La coreografa e regista ha collaborato per anni con il coreografo brasiliano Ismael Ivo. È proprio con lui che, nell’ambito del Festival International Impuls Tanz, ha definito la creazione di un progetto di contaminazione tra arti differenti, con l’intento di abbattere quei confini invisibili. Ed è questa l’idea che da vita anche a Evocative Triptych in un percorso che passa attraverso la danza, il cinema e la letteratura.

Un ambiente claustrofobico

La Pagliassotto vuole raccontare un punto di vista difficile, quello femminile. Quello che spesso ritroviamo nelle pagine di cronaca. Lo sguardo di donne costrette ad esperienze traumatiche, ad una violenza e una soggezione terribili. Non le chiameremo vittime, o almeno non solo. Costrette anche a rialzarsi, a ricucire le ferite per quanto sia possibile.

Così l’ambiente si fa claustrofobico, evocando tutta la frustrazione e l’angoscia: luci calde e fioche, nebbia e ritmo incalzante. C’è una sorta di brandina al centro della scena, perché le interpreti partono da posizioni supine per poi trovare la propria posizione eretta.

La citazione a Pina Baush e il Tanz Theater

A legare ulteriormente il Café Müller alla creazione della coreografa torinese è la citazione a Pina Baush. La chiave interpretativa di Evocative Triptych è infatti il concetto di Tanz Theater. Siamo di fronte a vere e proprie narrazioni, seppur non sempre lineari, che raccontano storie diverse ma legate da quel fil rouge che è la lotta femminile. In questo trittico coreografico i danzatori (Elisa Mutto, Elisa Viola, Claudia Eugenia Morello, Irene Rivella, Luca Tomasoni) appaiono di alto livello tecnico, ma soprattutto espressivamente coinvolti e coinvolgenti. Il movimento si fa a volte convulsivo e fremente, a volte flebile come se stesse combattendo per la sopravvivenza, a tratti anche tenero.

Uno sguardo doloroso e forte

Particolarmente interessante il singolo centrale, interpretato da una bravissima Claudia Eugenia Morello.
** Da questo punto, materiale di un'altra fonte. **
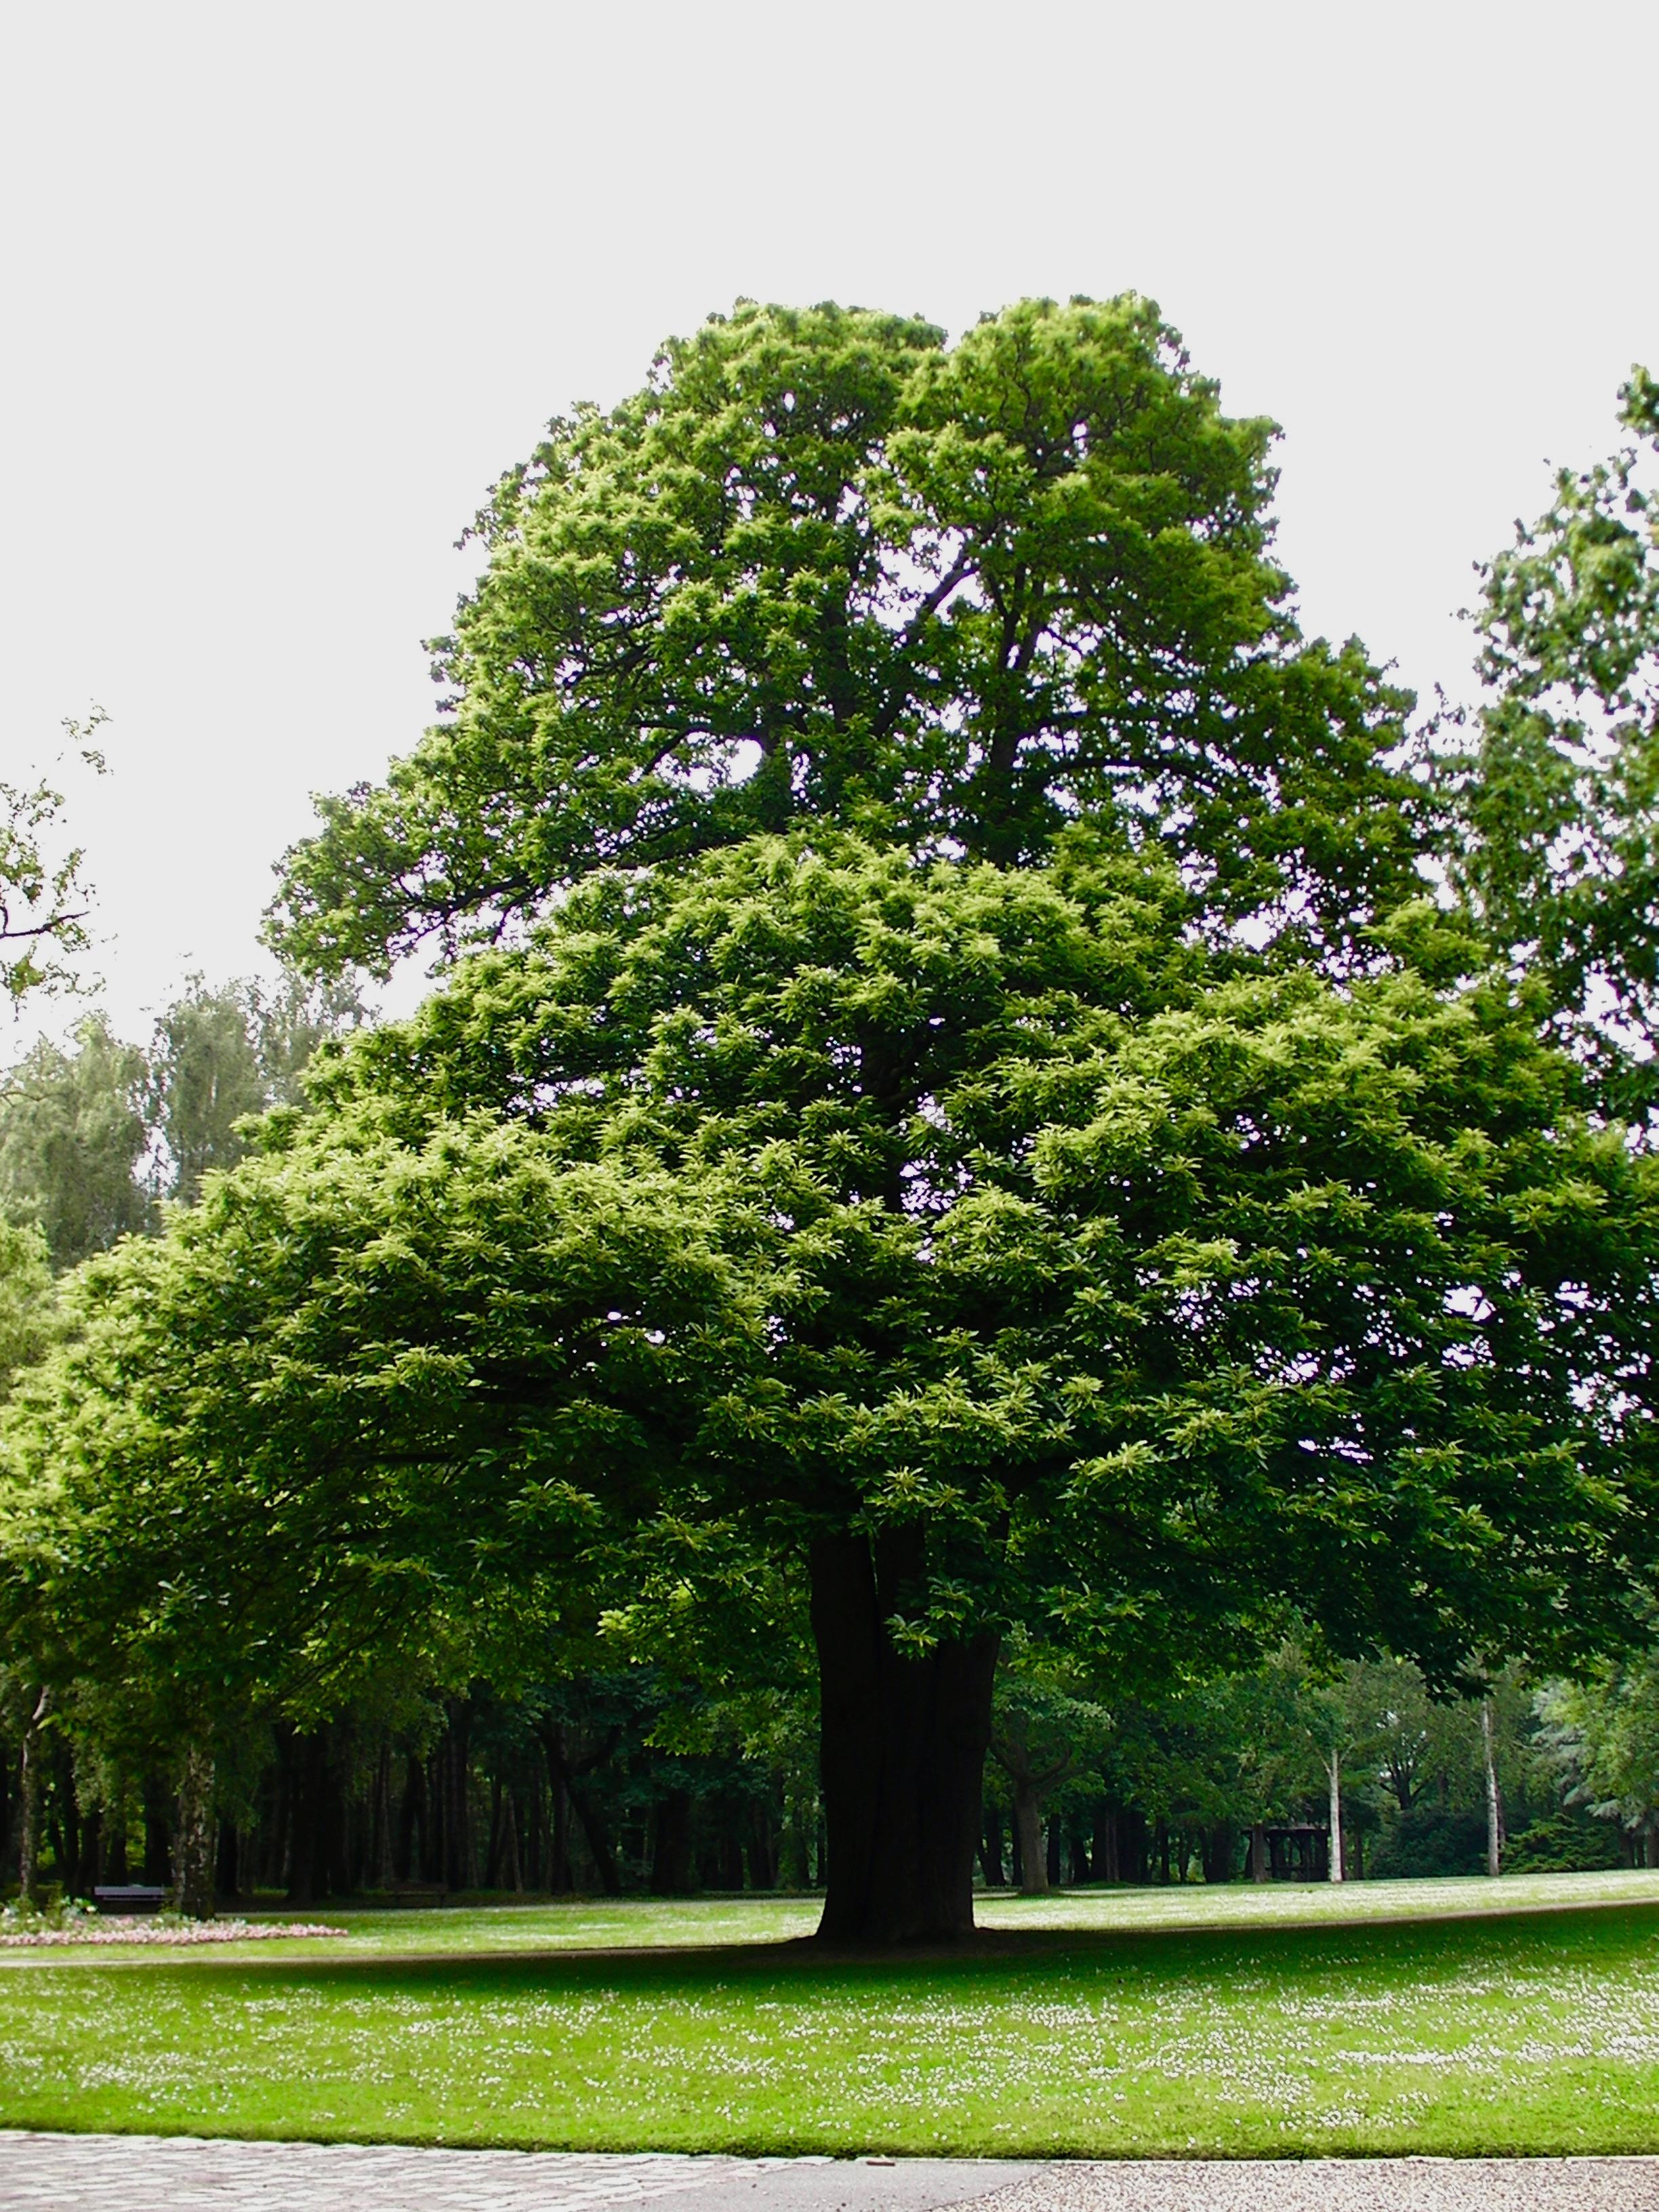 Le pied racine de l'arbre

Sembra ricordare quel momento in cui ogni donna può rispecchiarsi: tornate a casa, ci spogliamo di vestiti, trucco e fatica, lasciandoci andare a gesti quasi innaturali, strambi forse per liberarci degli “abiti pesanti” che spesso ci tocca indossare.

La Pagliassotto utilizza ingredienti differenti (discipline, influenze, epoche ed esperienze diverse) e li mescola in un unico sguardo, doloroso e forte. Il Taetro Café Müller sembra trasformarsi in una vecchia sala d’essai, mentre il pubblico guarda un toccante film surrealista.